> Exercise goal
Once the pictures are set aside, output all the records exactly.

> Data section
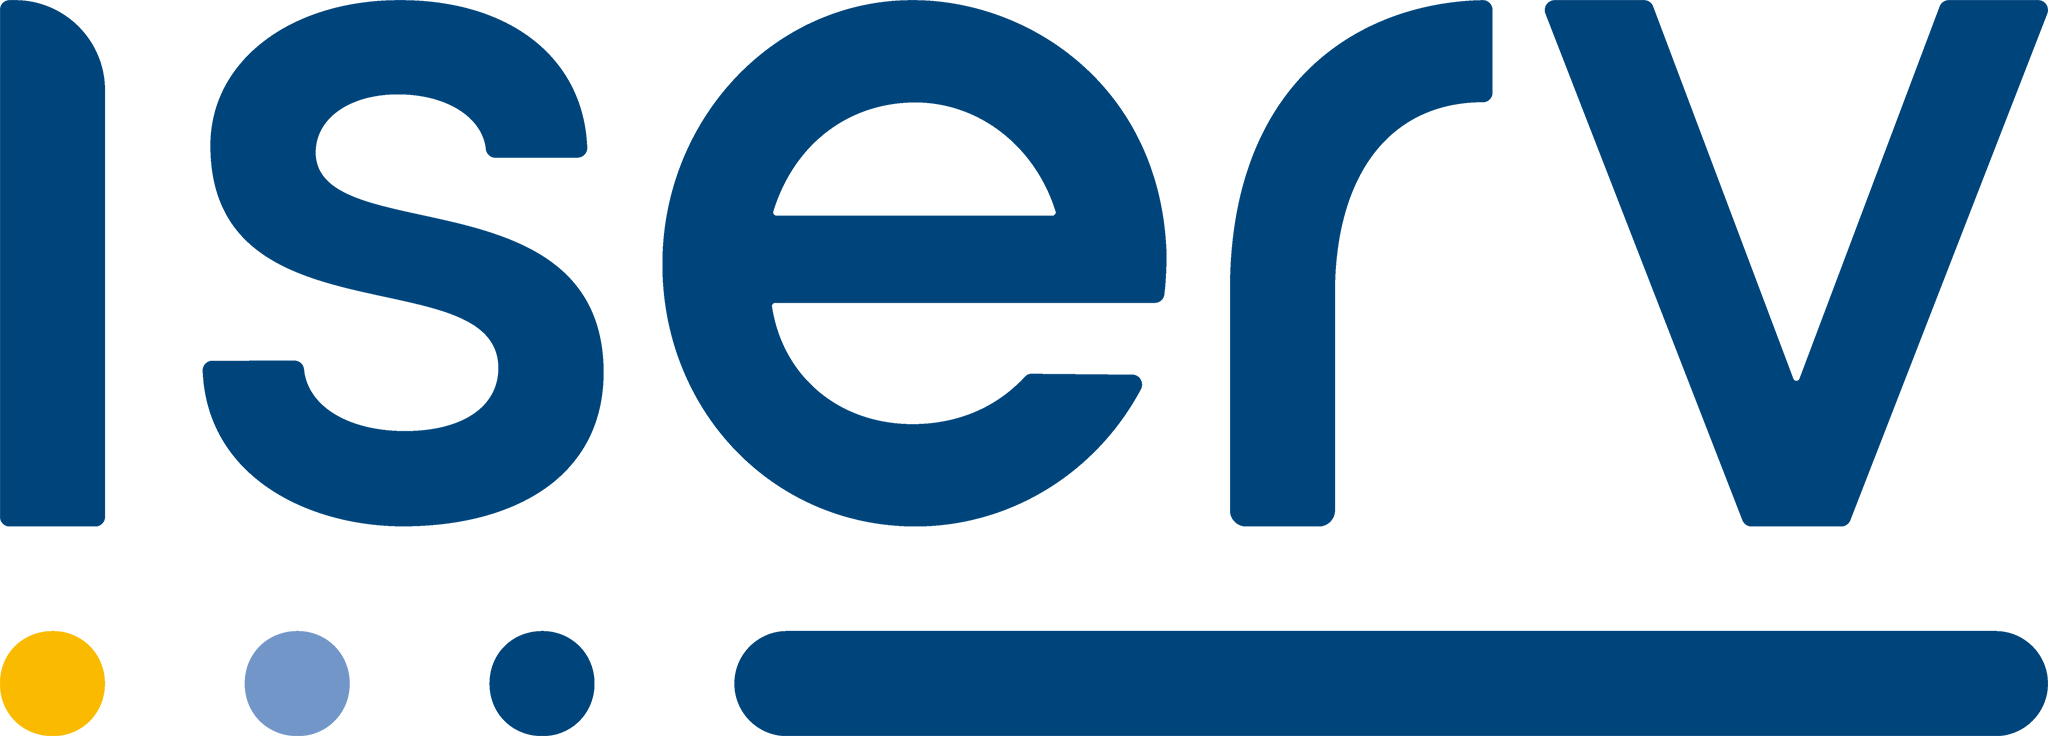 IServ_Logo.png
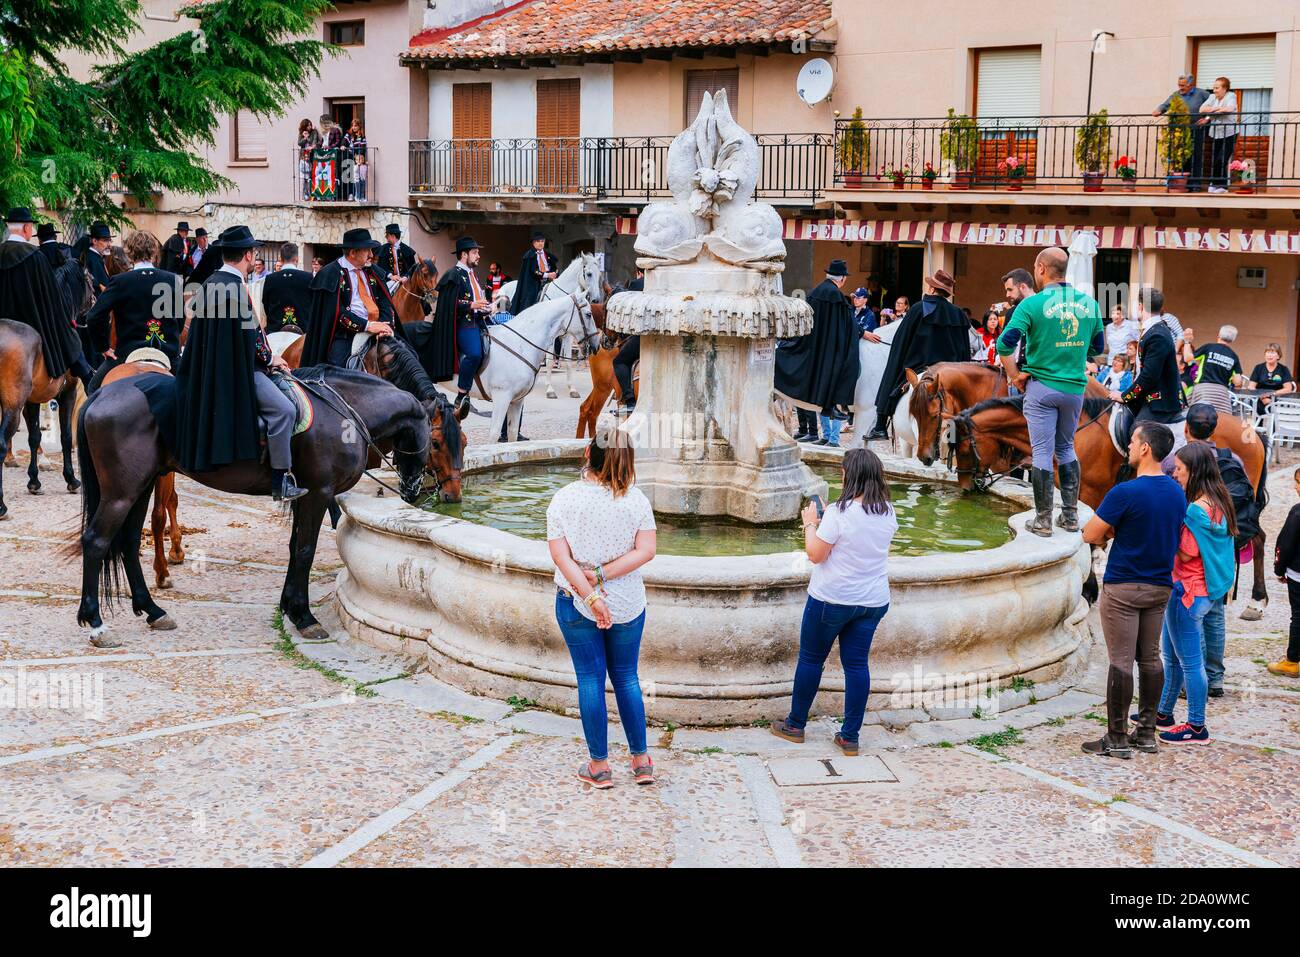 Les chevaux boivent de la fontaine de la Plaza de España. Fête 'la Caballada'. La Fraternité de la Sainte Trinité. Atienza, Guadalajara, Castilla la Ma Banque D'Images
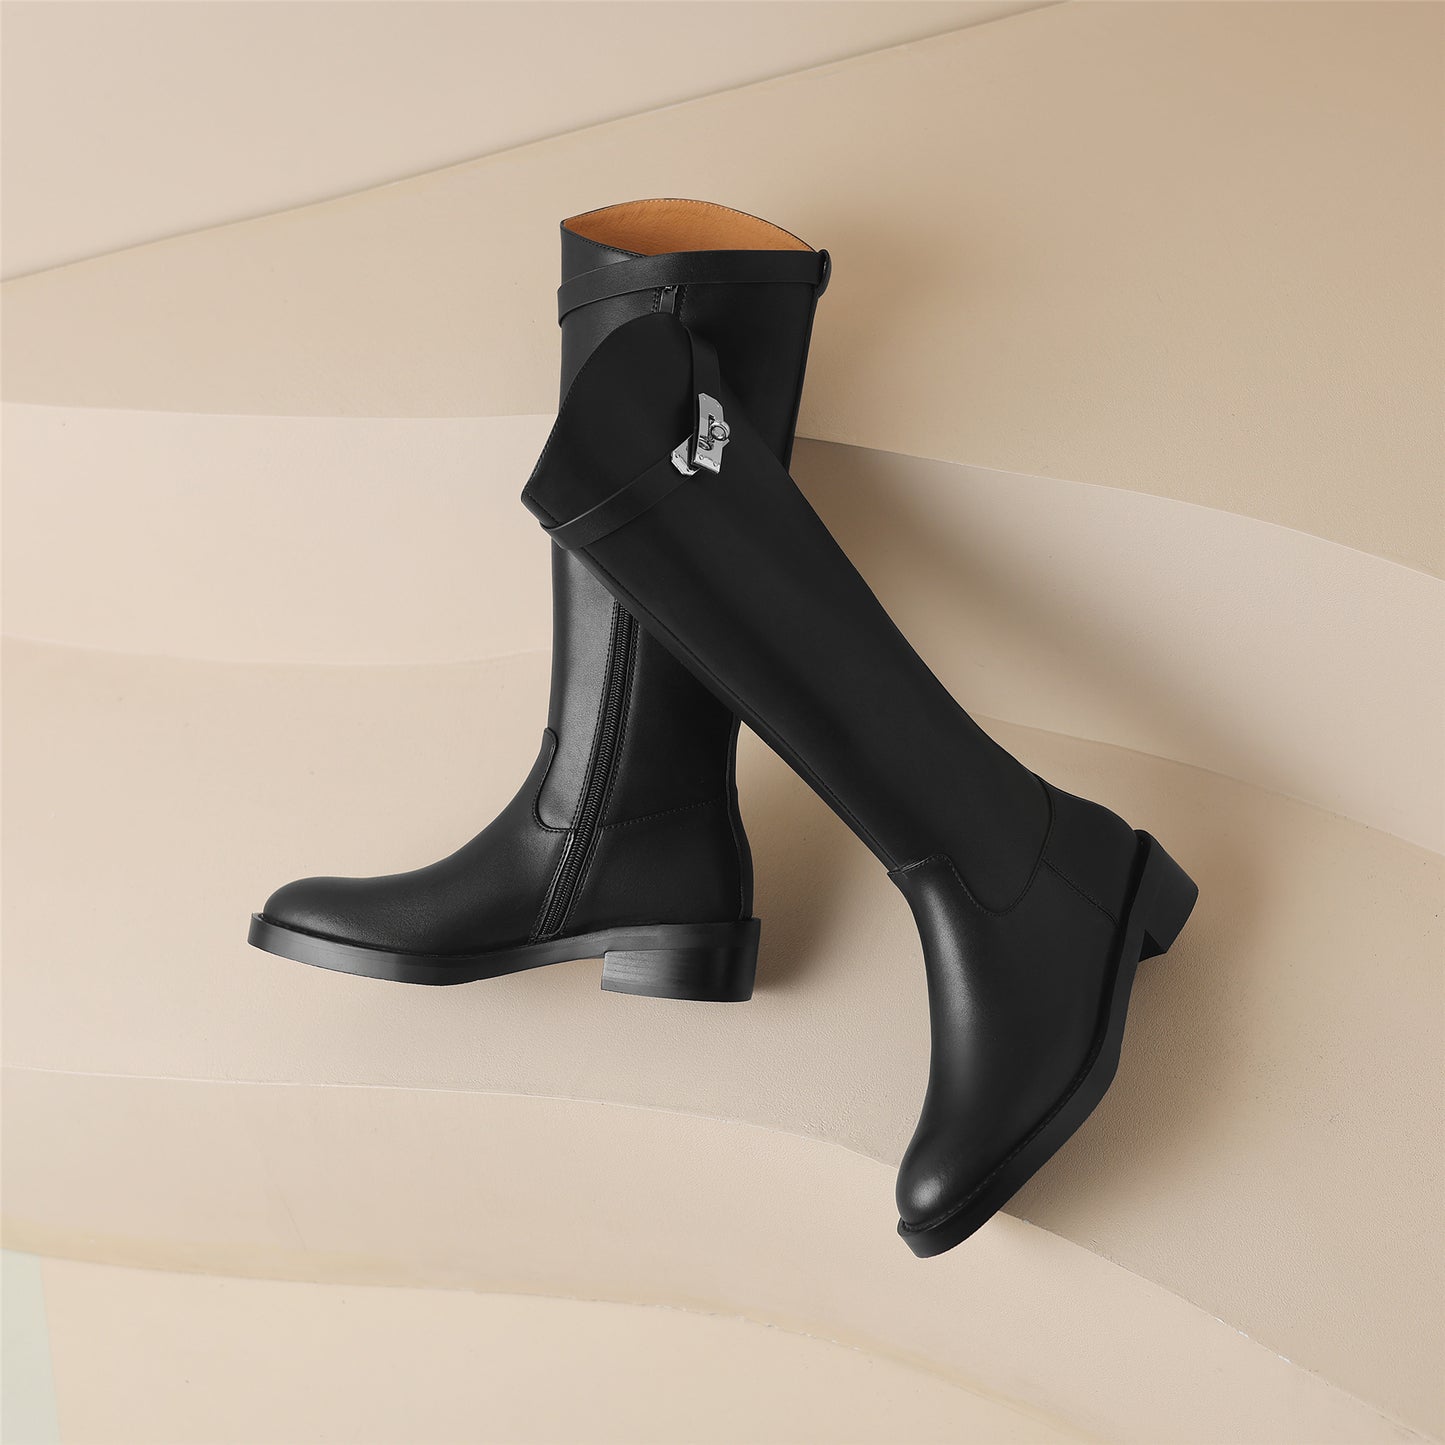 TinaCus Women's Round Toe Genuine Leather Handmade Chunky Heel Modern Buckle Side Zip Knee High Boots
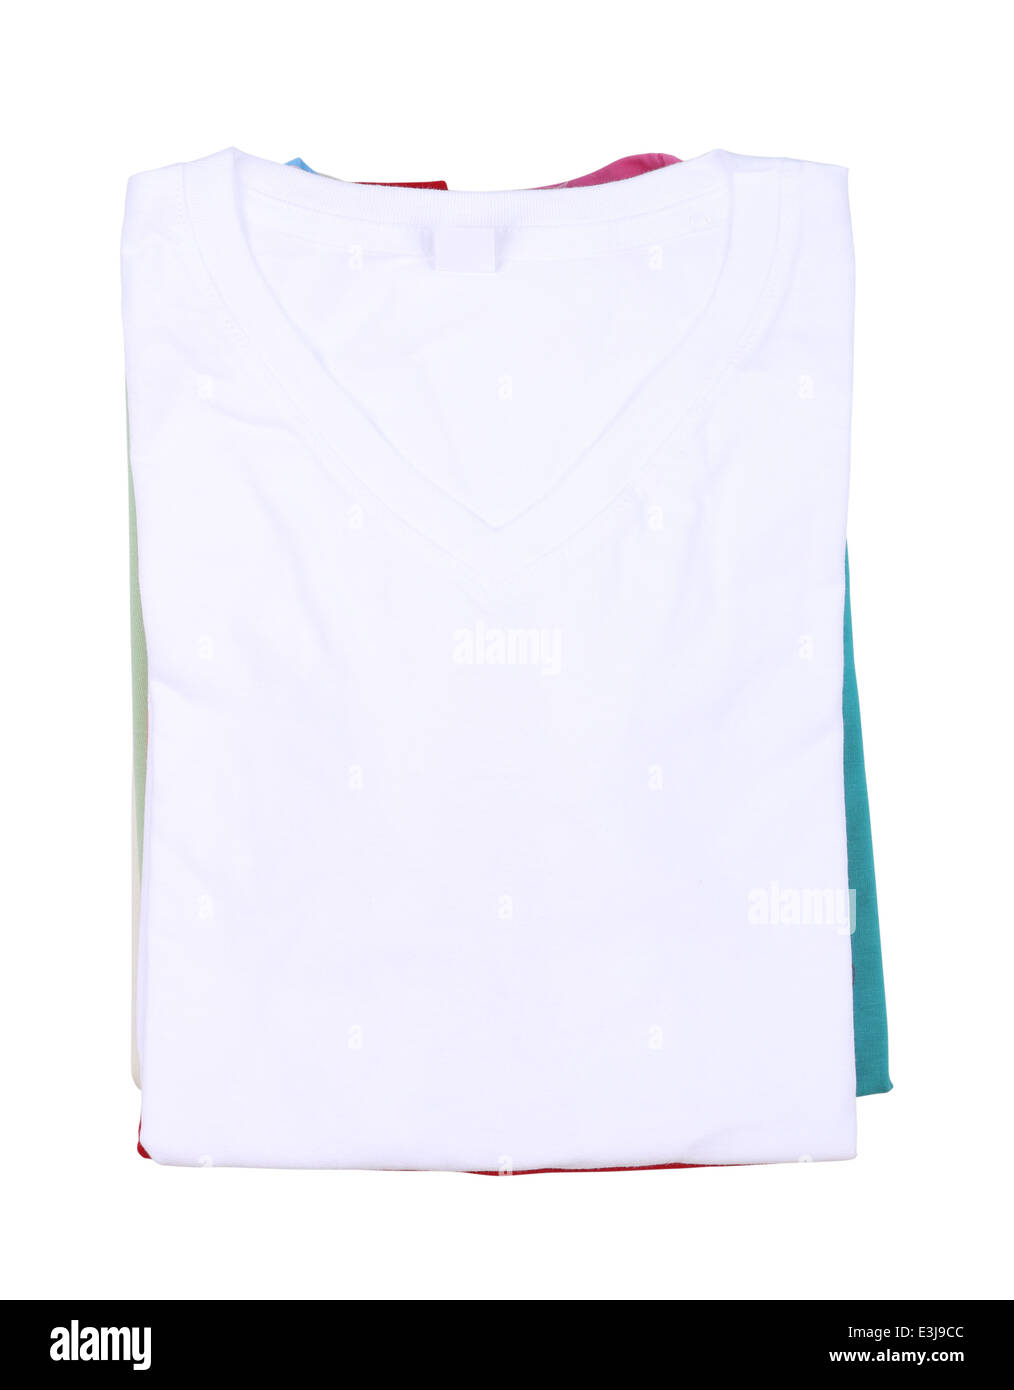 Plain Round Neck Unisex T Shirt Cotton Men T-shirts Blank Tshirts Coton Tee  Shirts Wholesale Teeshirt Remera Poleras De Hombre
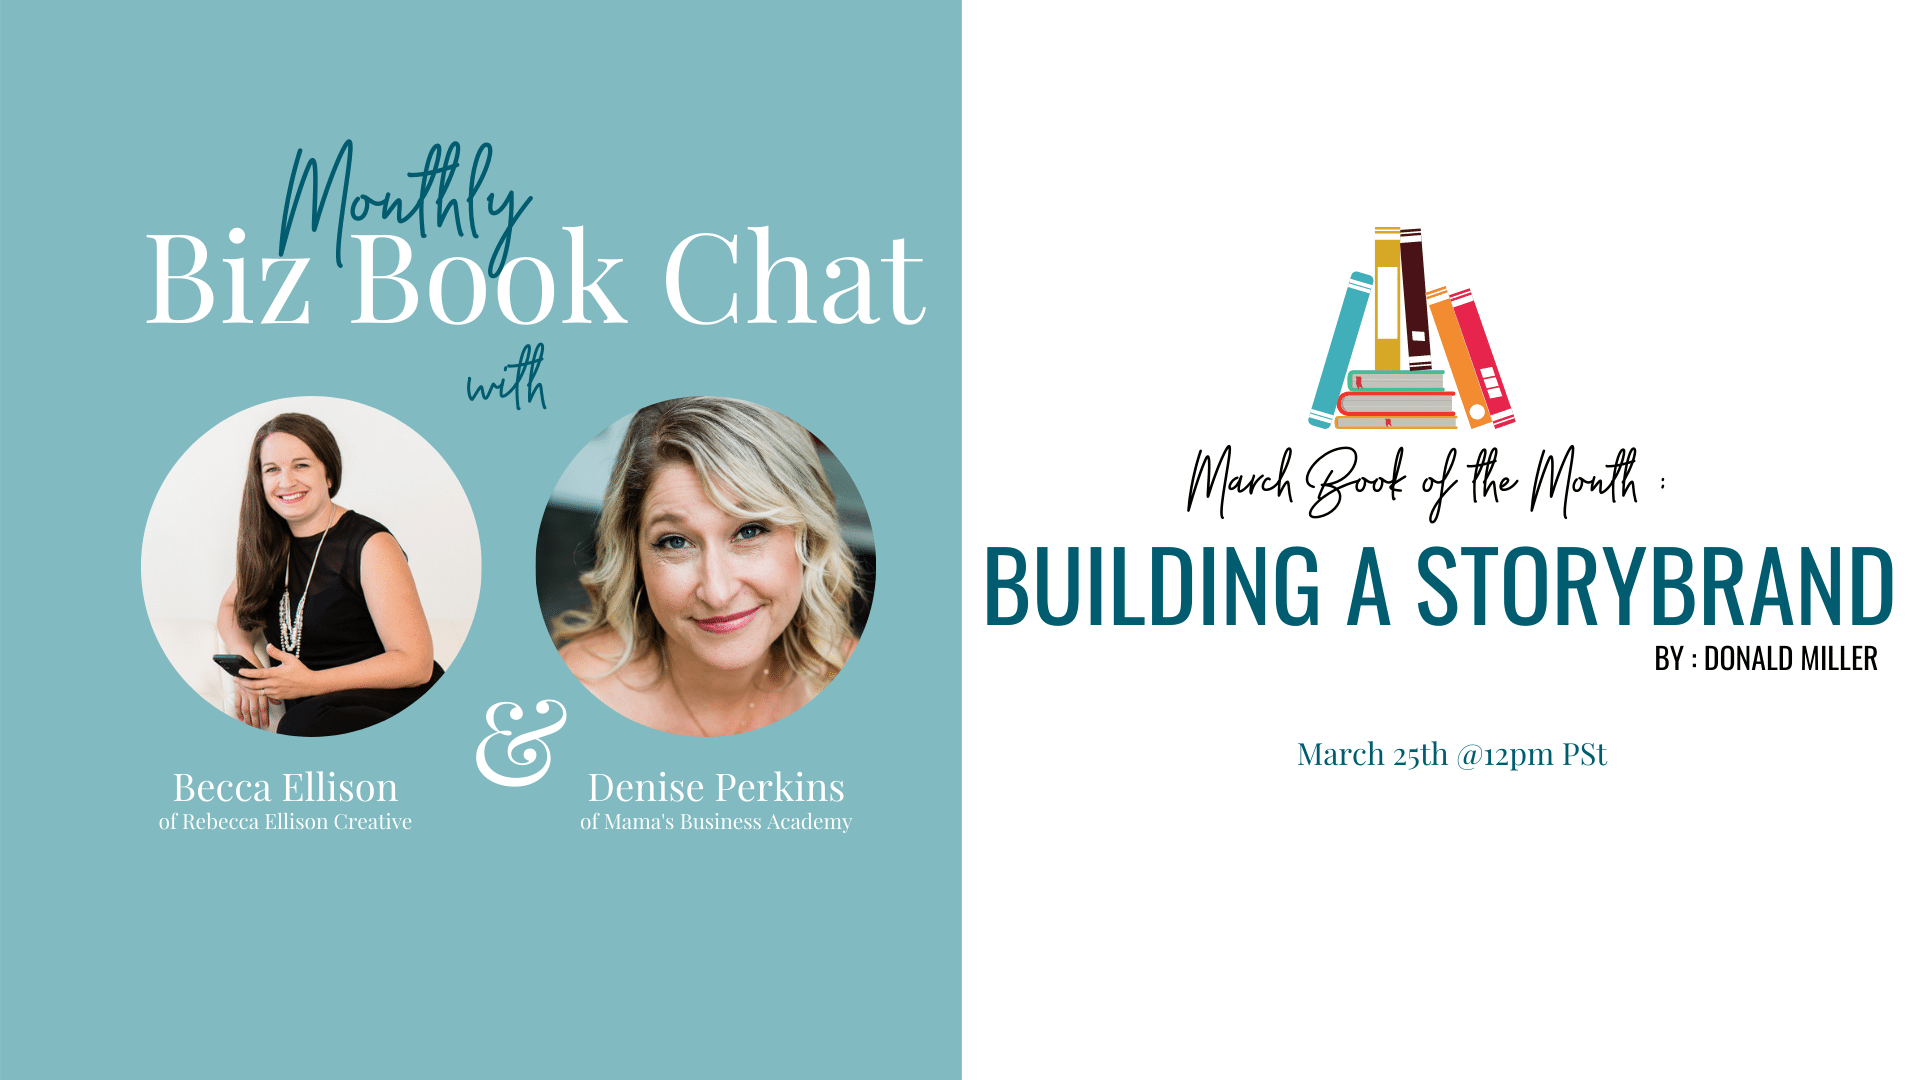 biz book chat: building a storybrand
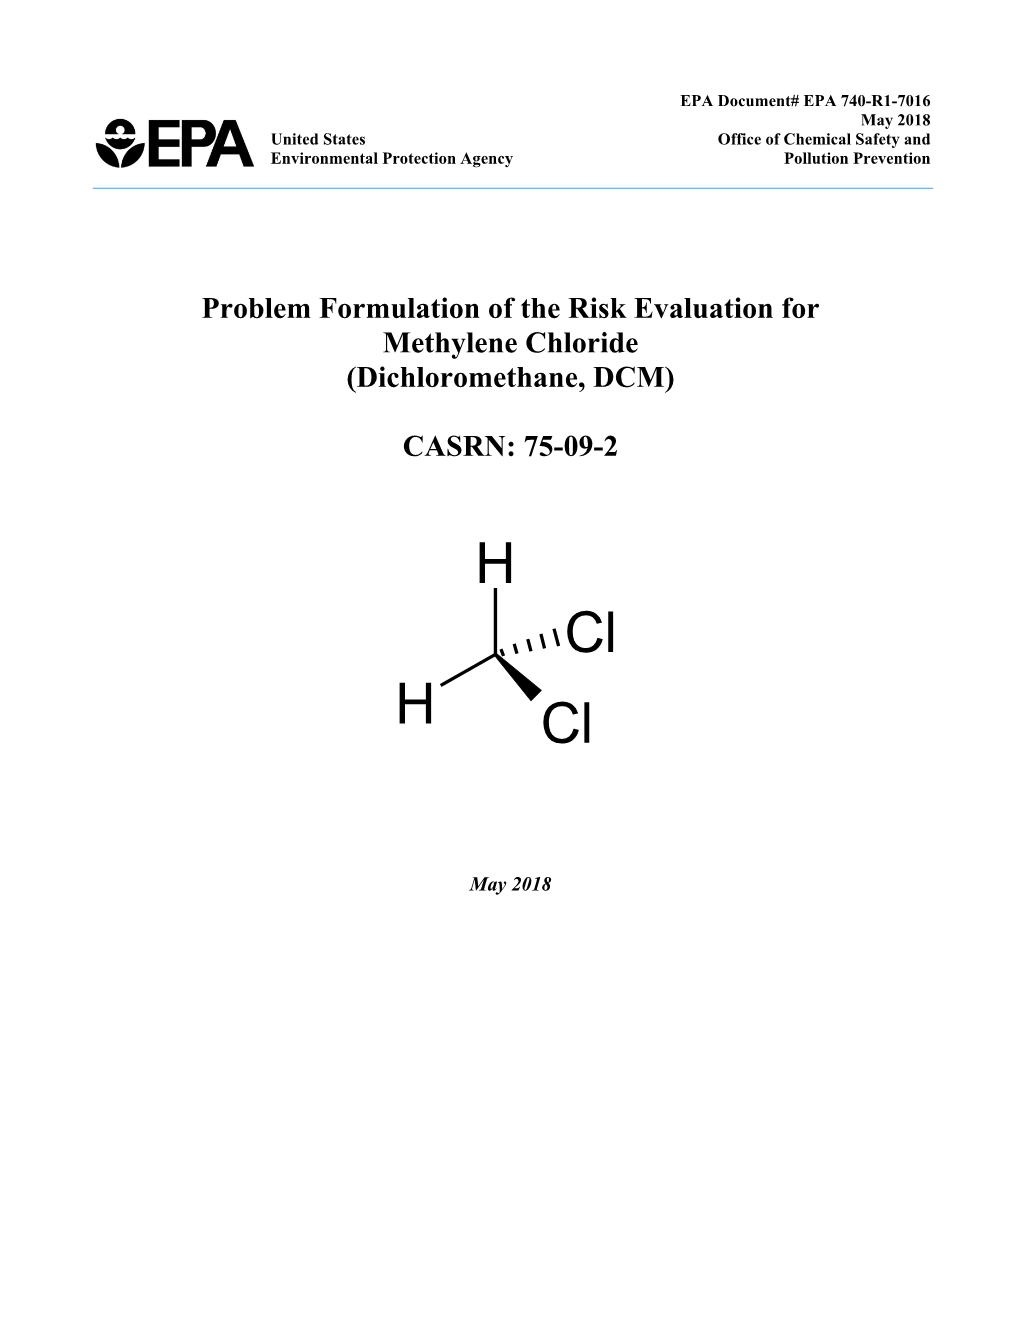 Problem Formulation of the Risk Evaluation for Methylene Chloride (Dichloromethane, DCM)

> Solved problem
 IServ_Logo.png
 Les chevaux boivent de la fontaine de la Plaza de España. Fête 'la Caballada'. La Fraternité de la Sainte Trinité. Atienza, Guadalajara, Castilla la Ma Banque D'Images
 TinaCus Women's Round Toe Genuine Leather Handmade Chunky Heel Modern Buckle Side Zip Knee High Boots
 Plain Round Neck Unisex T Shirt Cotton Men T-shirts Blank Tshirts Coton Tee  Shirts Wholesale Teeshirt Remera Poleras De Hombre
 biz book chat: building a storybrand
 Problem Formulation of the Risk Evaluation for Methylene Chloride (Dichloromethane, DCM)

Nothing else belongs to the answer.